Hoy día, muchas veces aún se piensa que el liderazgo lo necesita el indisciplinado, el despistado, el desmotivado o quien no cumple con su trabajo. Y la realidad simplemente es otra, y es es que liderazgo necesita todo el equipo…

.. Porque liderar no consiste únicamente en controlar comportamientos o corregir incumplimientos. Consiste en potenciar a cada profesional y activar esa motivación emocional que hace que las personas se sientan valoradas, realizadas y parte de un equipo al que quieren pertenecer de manera que representen defiendan la marca como ese lugar al que quieren pertenecer.

Y esto también se aplica a quienes tienen una elevada cualificación, una amplia experiencia o trabajan en tu negocio mediante un contrato de colaboración.

Noe es propietaria de una clínica dental. Es odontóloga y cuenta con otros doctores que trabajan en la clínica mediante contratos de colaboración. En una sesión me contaba que había tenido una colaboradora durante diez años que no cumplía los protocolos, pedía material sin que fuera necesario y generaba costes elevados para la clínica… y, además, cuando algo no le gustaba, lo comentaba con el resto del equipo en lugar de hablarlo directamente con Noe, aportar ideas o proponer soluciones. Esto acababa generando malestar y afectando al ambiente de trabajo. La relación llegó a estar tan tensa que finalmente fue la propia doctora quien decidió marcharse.

Ahora Noe se encontraba en una situación parecida con otro doctor. Llevaba solo un año colaborando con la clínica, pero no respetaba los presupuestos, tomaba decisiones sobre los precios que ofrecía a los pacientes sin ajustarse a los establecidos por el negocio y, además, recibía muy mal cualquier feedback.

No es el único caso… Fran es propietario de una clínica médico-estética. En una de sus sesiones me hablaba de la lucha de poder que percibía con algunos de sus doctores colaboradores. Intentaban imponer sus propios criterios por encima de los establecidos por Fran para su clínica y, en la práctica, terminaban haciendo las cosas como ellos querían.

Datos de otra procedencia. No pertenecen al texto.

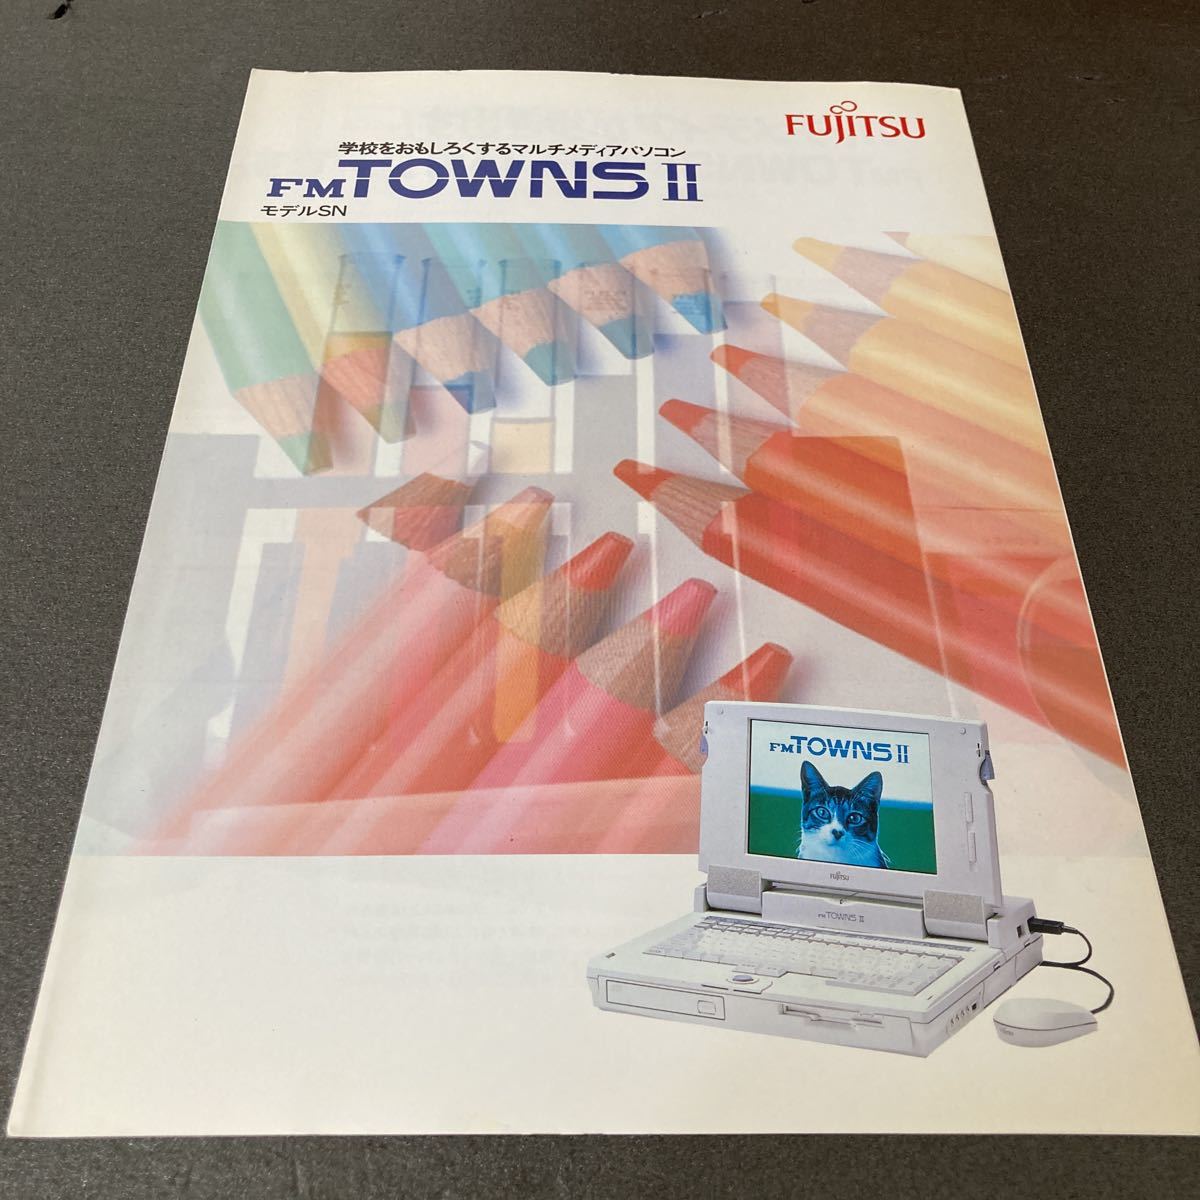  ценный : подлинная вещь (21): примерно 30 год передний каталог только. Note type FM-TOWNS модель SN бесплатная доставка Town z Fujitsu состояние. год число. сломан - чистый.

Y podría contarte muchos más ejemplos… Es algo que hemos trabajado a menudo en clínicas y en otros negocios que cuentan con profesionales especializados mediante contratos de colaboración.

Y es que, el propietario suele reaccionar no liderando a estos profesionales y suele deberse a que :

  1. Piensan que son personas que, por el tipo de contrato laboral ya que son freelance, y por su formación y experiencia, deben ser responsables, coherentes y autónomas. Por lo que, no necesitarían liderazgo.

  2. O bien, piensan: “¿Quién soy yo para liderar a estos profesionales de tan alto nivel? Yo soy uno más realmente”

En ambos casos, estos pensamientos demuestran que todavía no existe suficiente claridad sobre qué significa liderar. No solo sobre cómo se pone en práctica el liderazgo, sino también sobre el efecto que tiene realmente en las personas y en el negocio. Es decir, para qué se lidera y quién lidera.

Seguimos confundiendo el liderazgo con la gestión de equipos.

La gestión se ocupa de aspectos como: Organizar horarios. Definir el organigrama. Crear descripciones de puestos. Delegar tareas y establecer fechas. Hacer seguimiento del cumplimiento. Definir normas y comprobar que se respetan.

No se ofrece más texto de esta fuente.